Data segment:
BEGIN

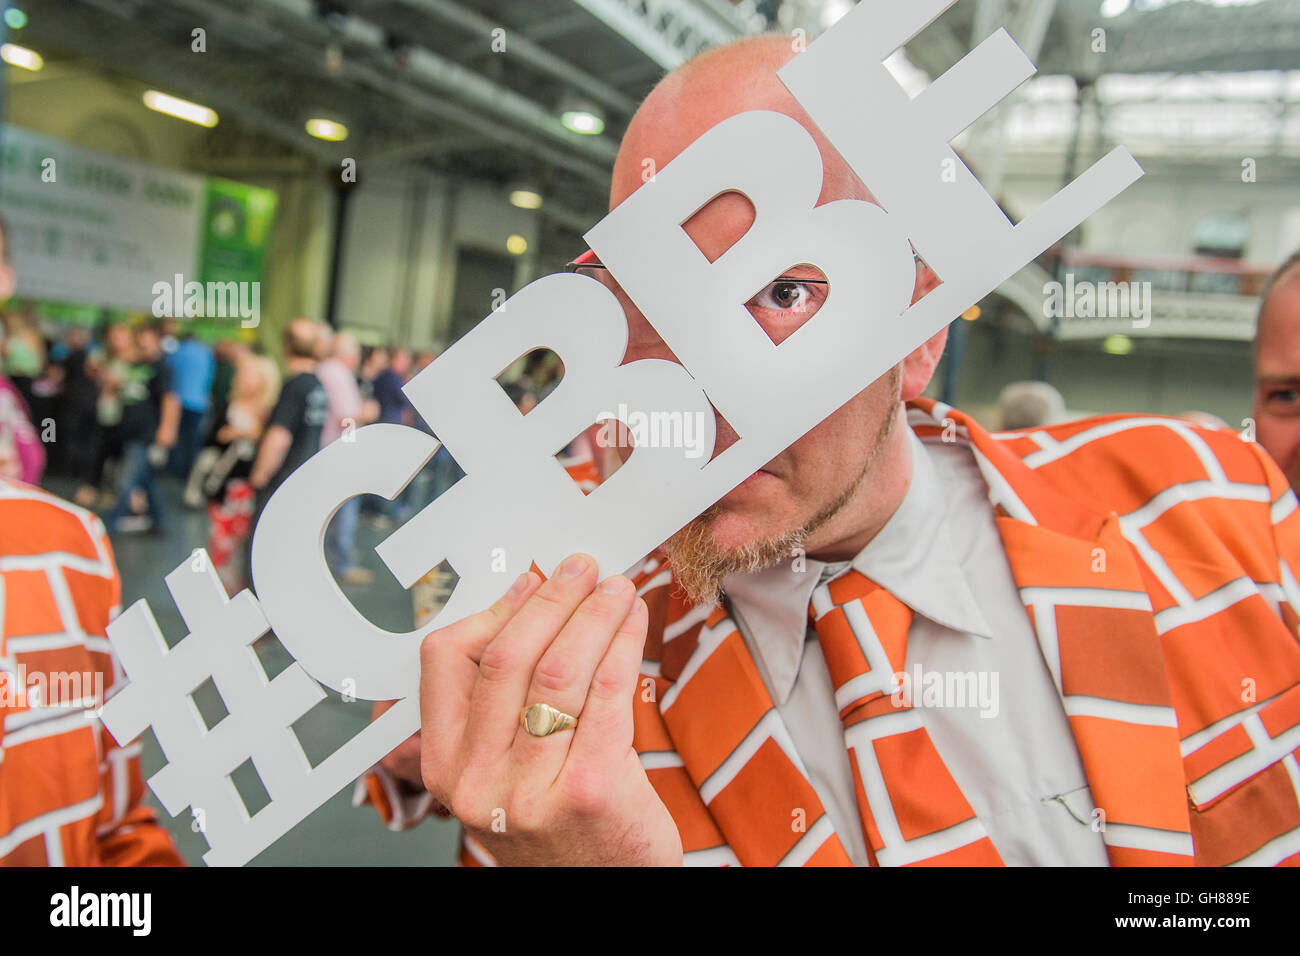 London, UK. 9th August, 2016. The Great British Beer Festival organised by the Campaign for Real Ale (CAMRA) offers visitors over 900 real ales, ciders, perries and international beers at Olympia. Credit:  Guy Bell/Alamy Live News Stock Photo
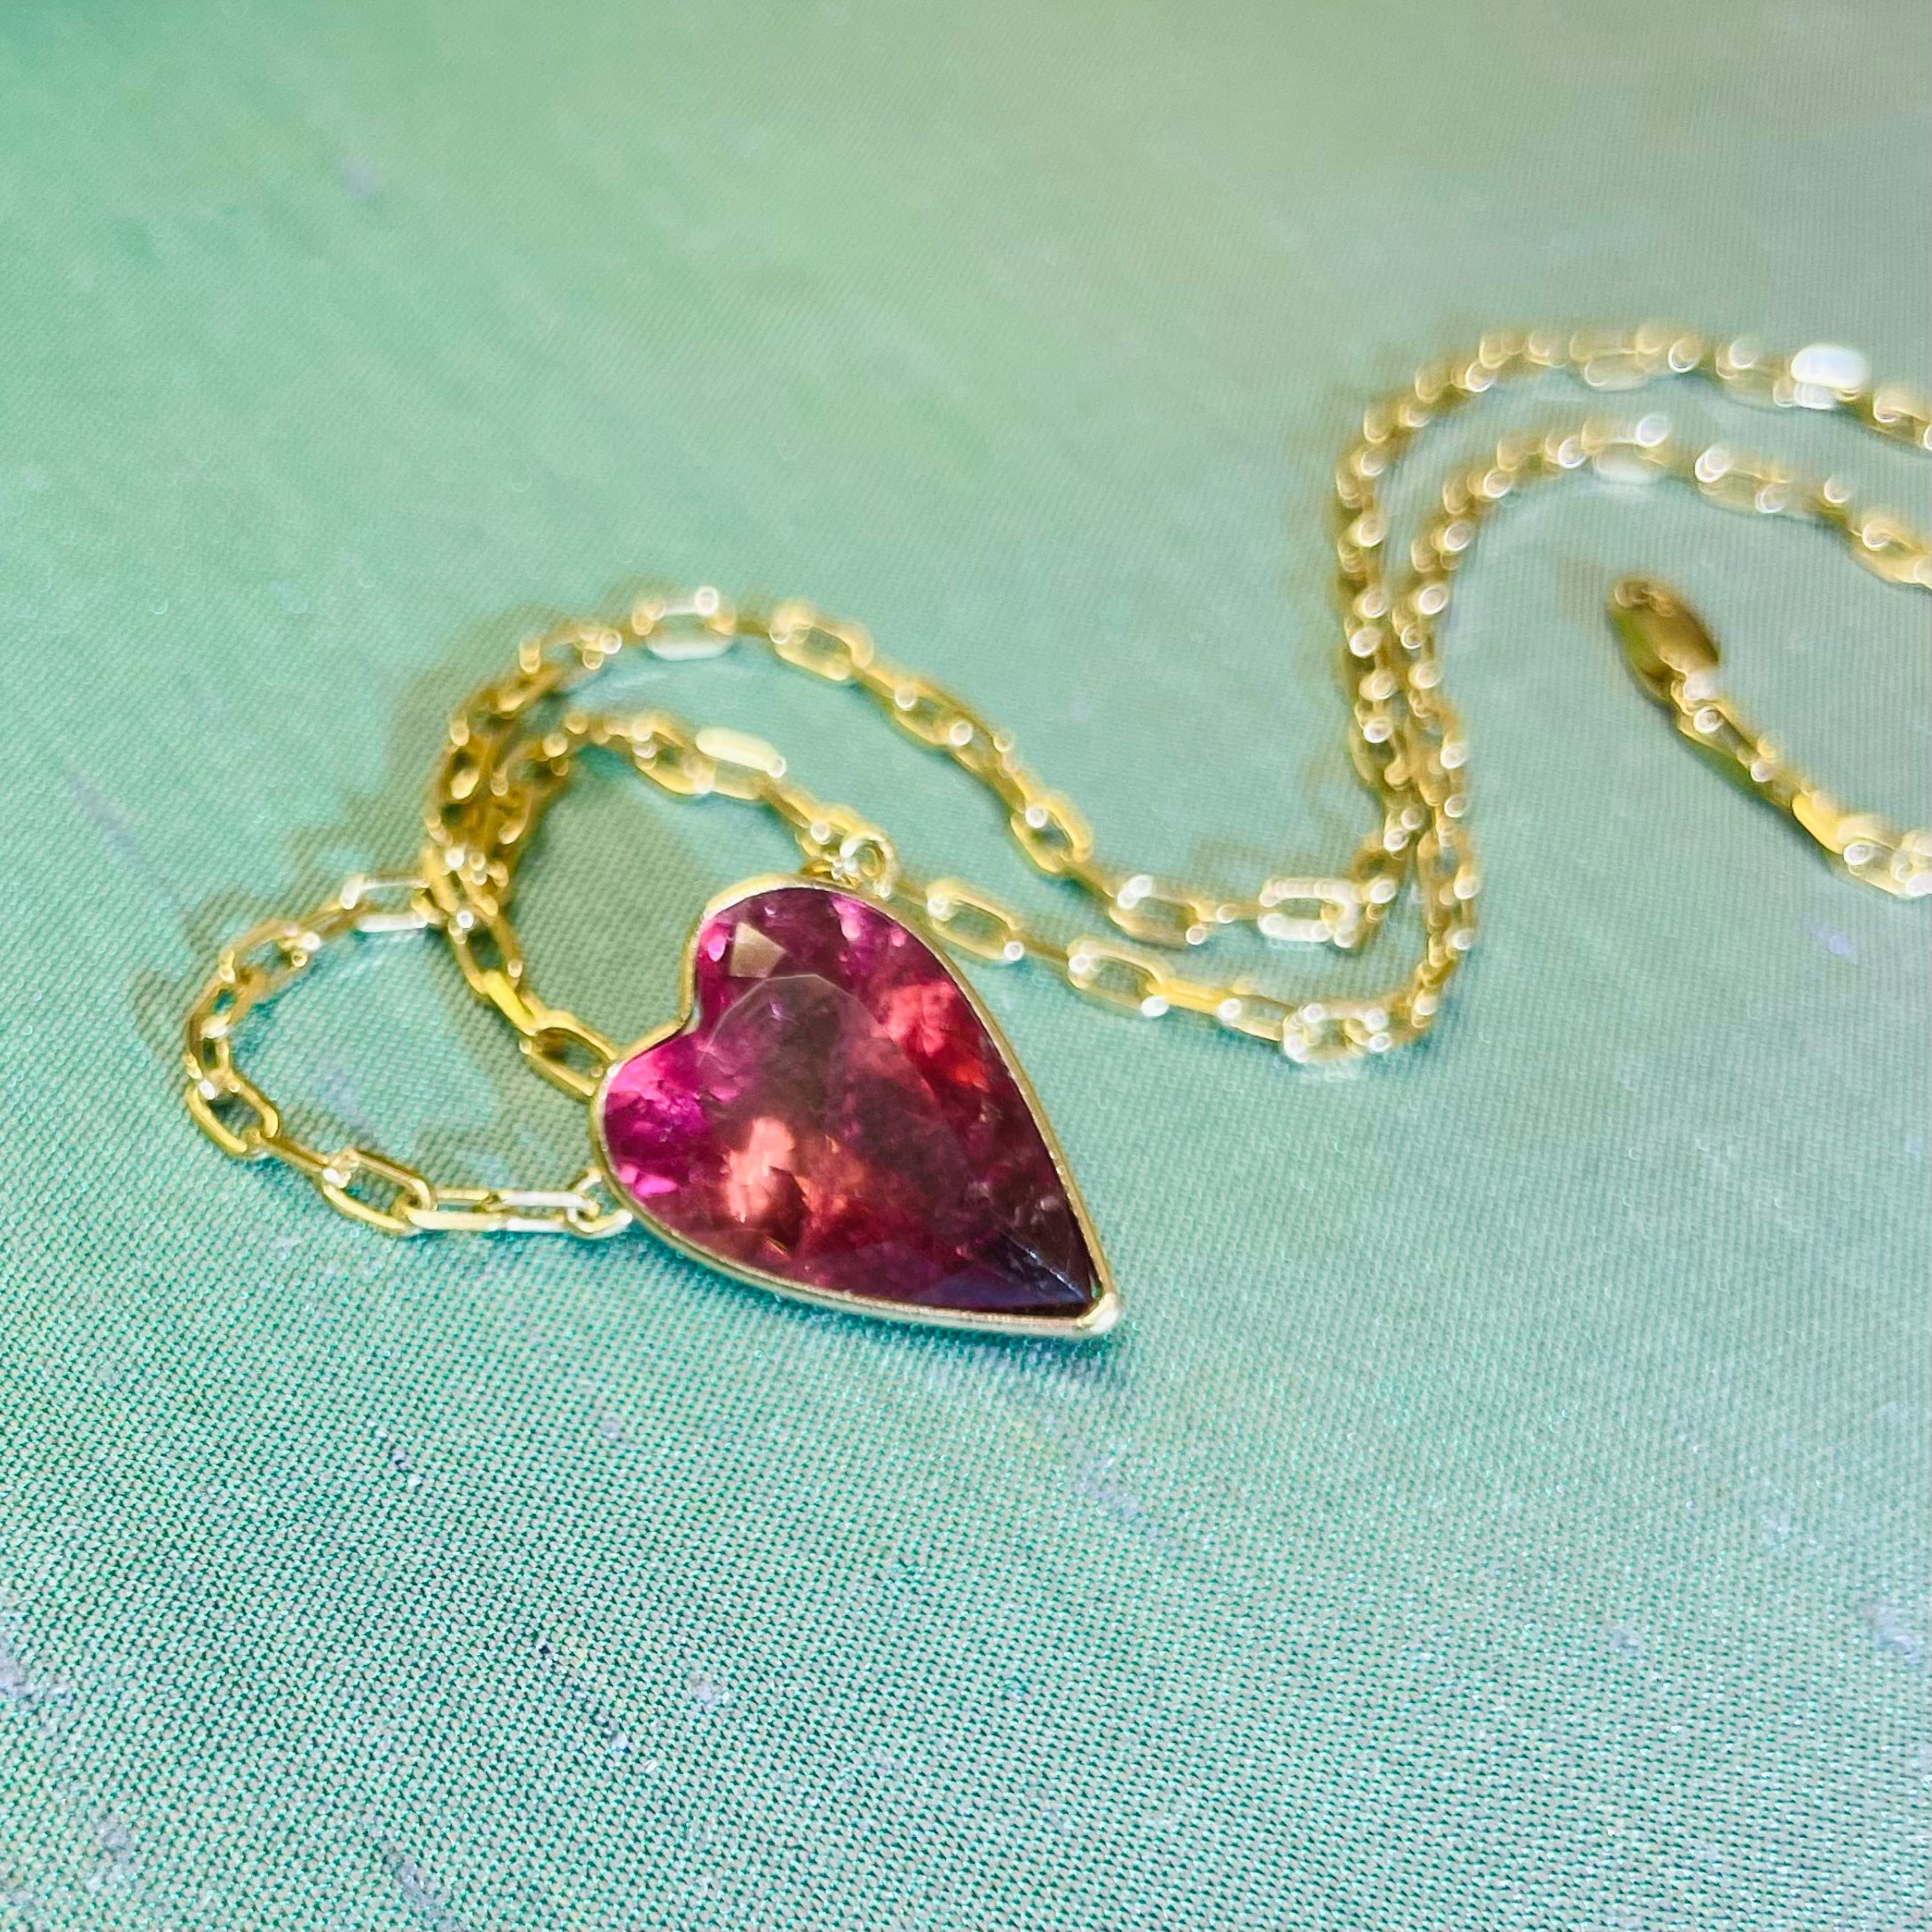 9CT Natural Reddish Pink Tourmaline Heart Solitaire Necklace Pendant 18K Yellow
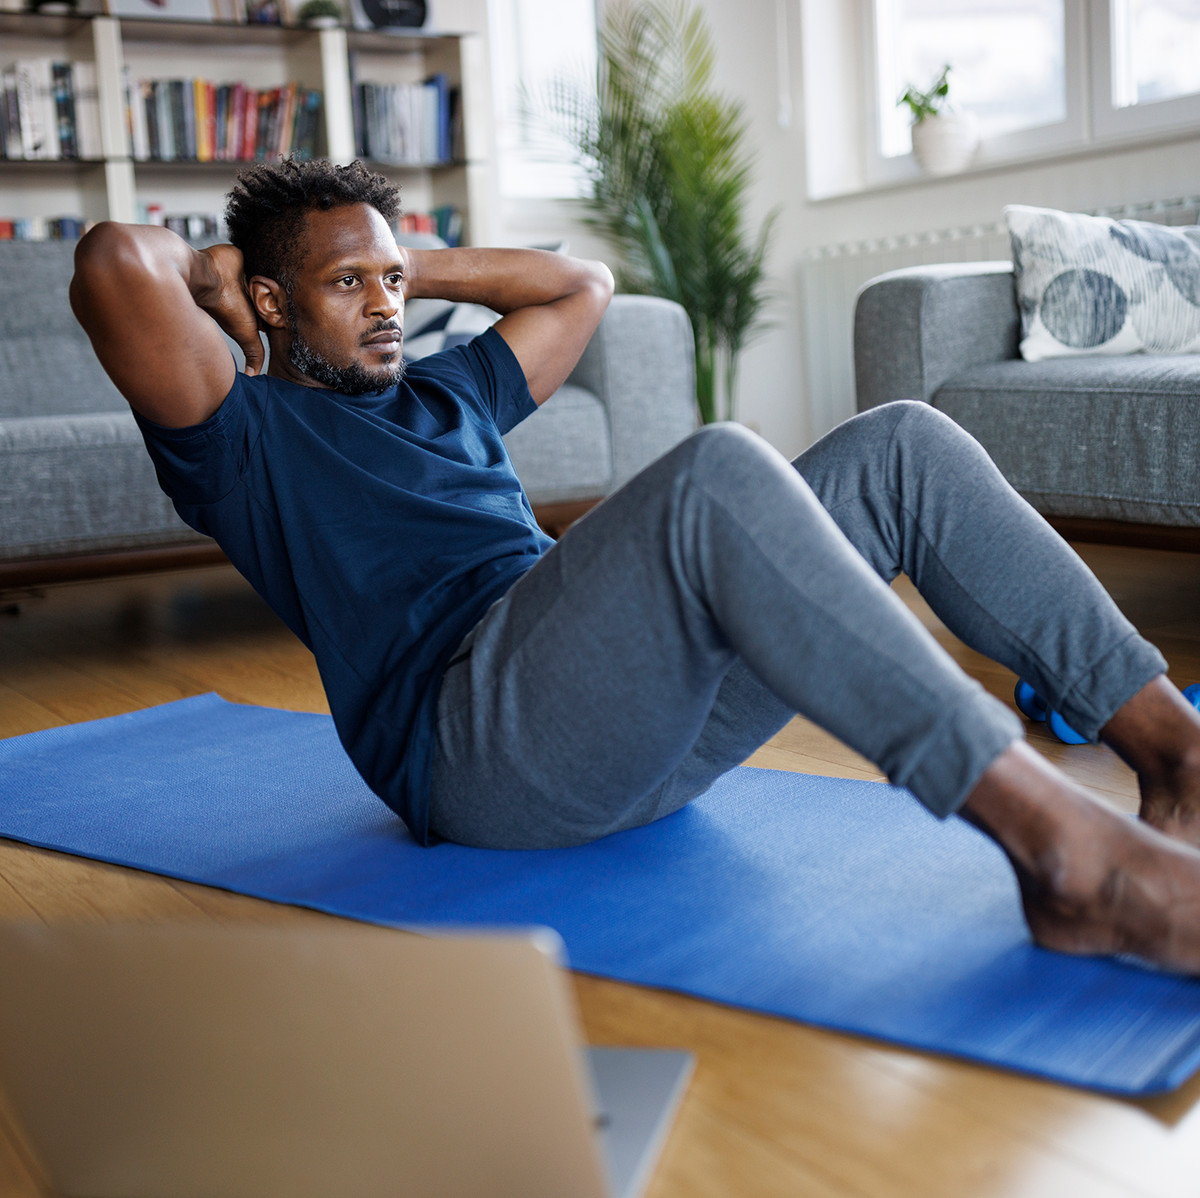 The Best Home Workouts To Get In Shape

END

The task:
What is needed is an exact reproduction of the data, pictures excluded.

Reply:
 London, UK. 9th August, 2016. The Great British Beer Festival organised by the Campaign for Real Ale (CAMRA) offers visitors over 900 real ales, ciders, perries and international beers at Olympia. Credit:  Guy Bell/Alamy Live News Stock Photo
 9CT Natural Reddish Pink Tourmaline Heart Solitaire Necklace Pendant 18K Yellow
 The Best Home Workouts To Get In Shape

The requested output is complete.